What they’re looking for: This is one of the typical questions to begin an interview. The interviewer is allowing you to “break the ice”: to warm up a little, speak about yourself and your background, and maybe include some of your interests.

Tips: Don’t speak too long . . . but don’t give a short answer either! Tell the interviewer where you are from, what you are doing in California, and how long you’ve been here. You can also include a little about your academic and professional background.

Example language: It’s a good idea to learn some phrasal verbs and idioms that make your speech natural.
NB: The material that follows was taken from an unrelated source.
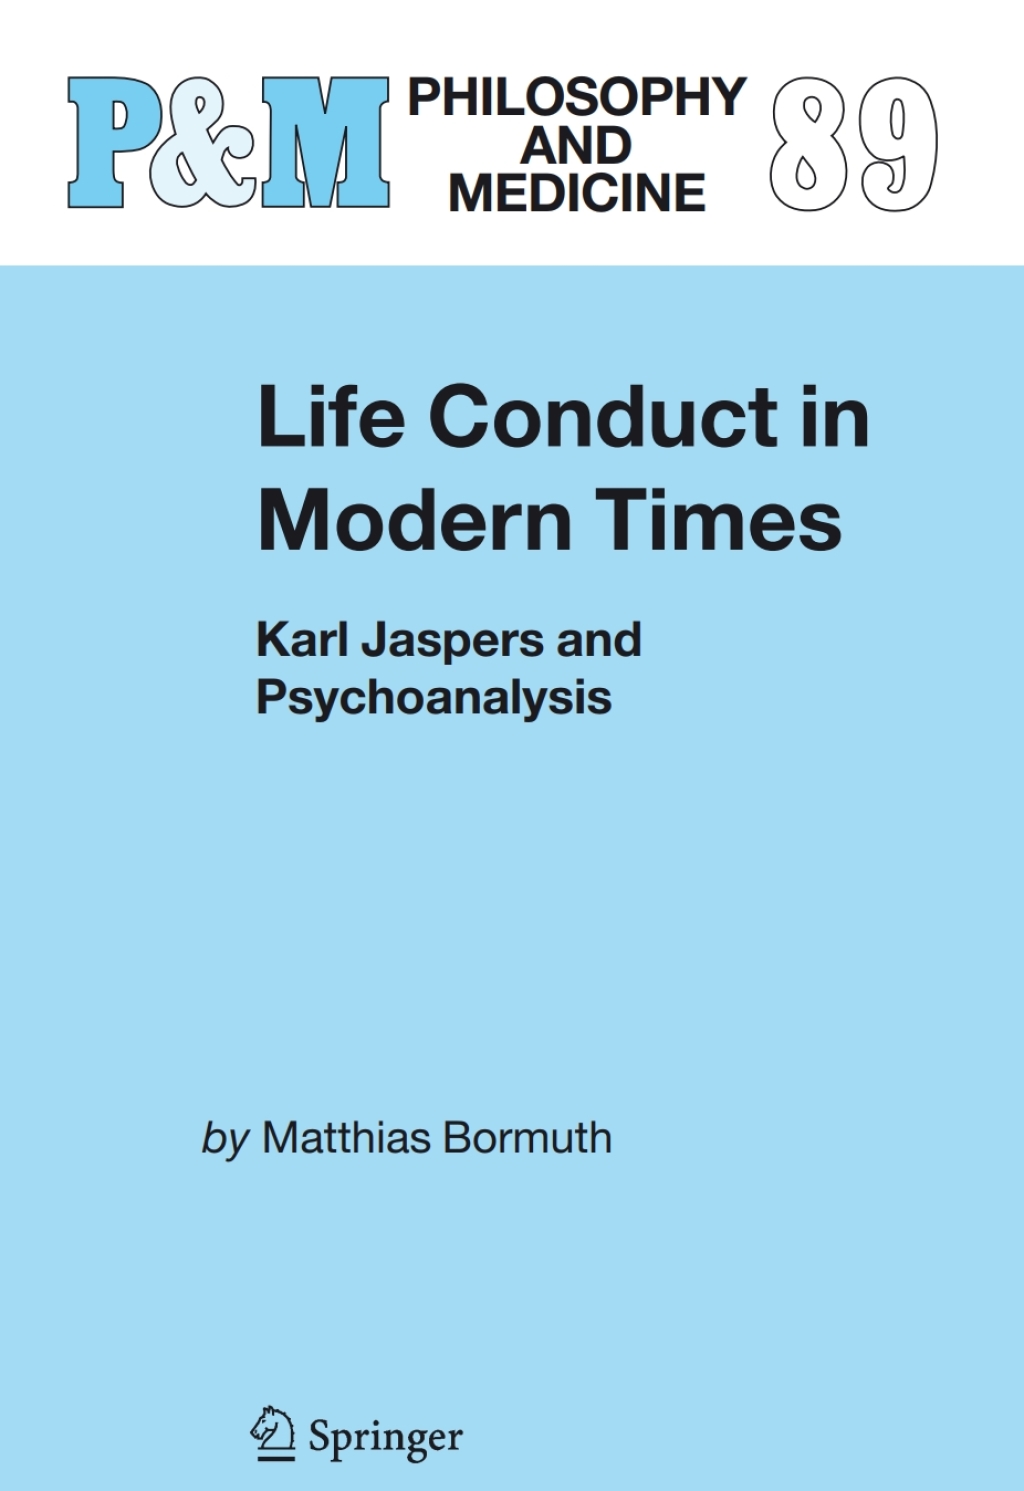 Life Conduct in Modern Times (eBook) - Matthias Bormuth,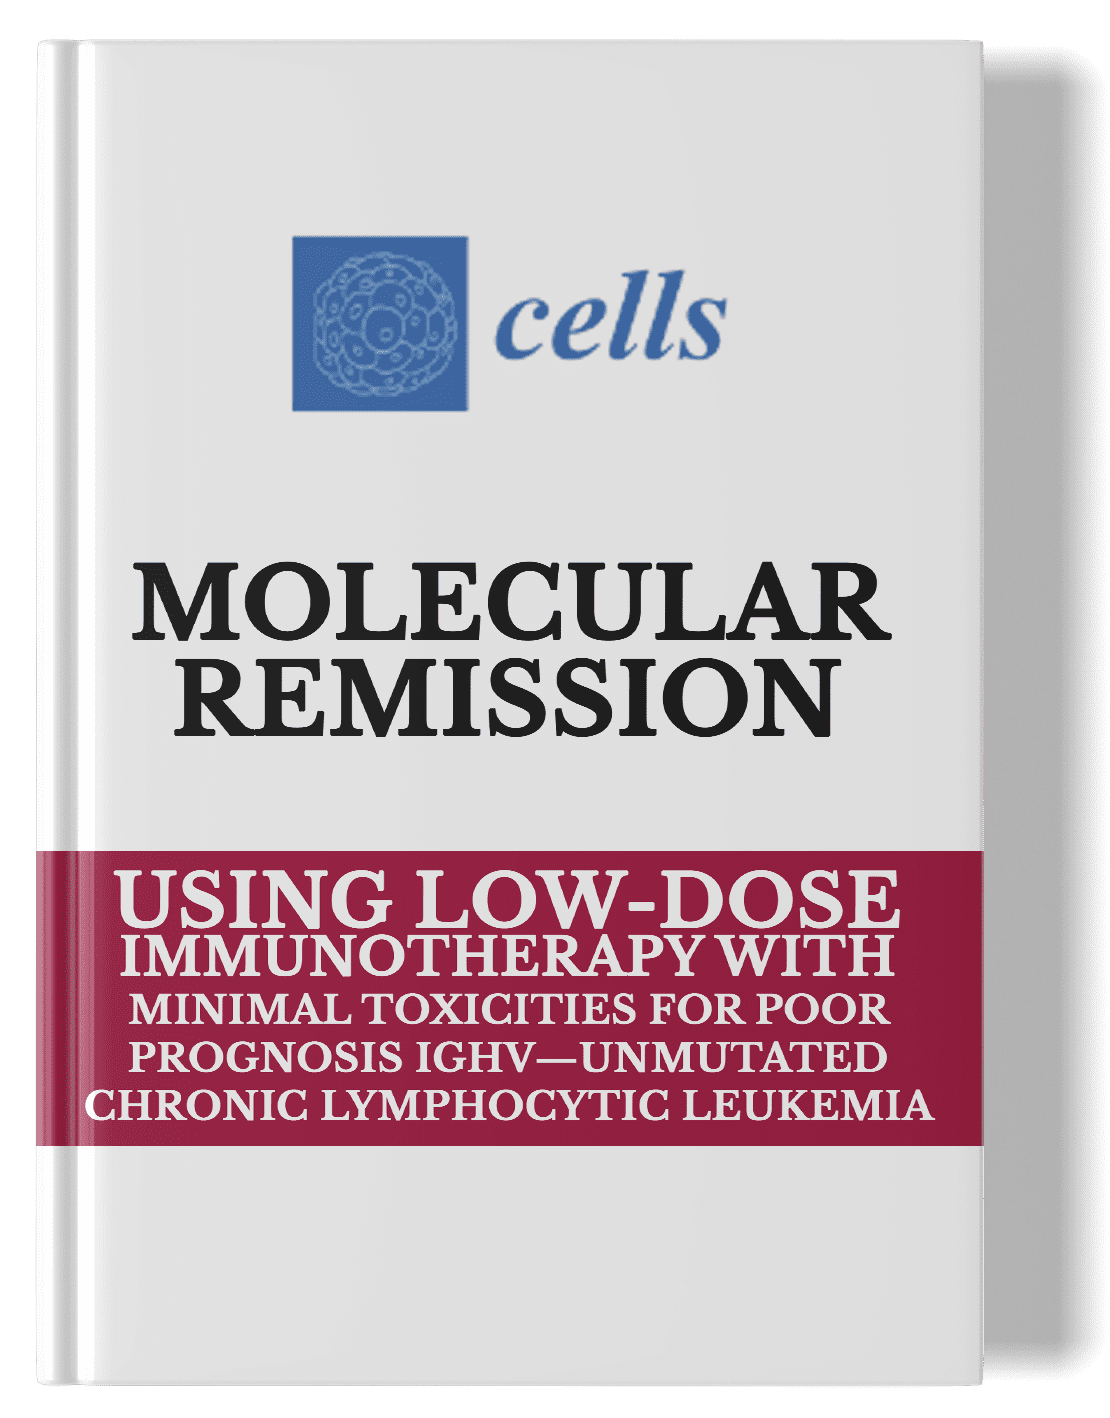 Compassionate regenerative medicine services, book cover molecular remission

  • I was born in Berlin, but I grew up in Munich.
  • I’m a fourth-generation Venezuelan living in Spain.
  • I have a passion for design and I’m a huge anime fan, so I majored in Graphic Arts at college.

#2: What are your strengths and weaknesses?

What they’re looking for: How well can you describe what you’re good at (and what you’re not so good at)? In most cases, the interviewer is looking for honesty when speaking about your weaknesses and humility when speaking of your strengths.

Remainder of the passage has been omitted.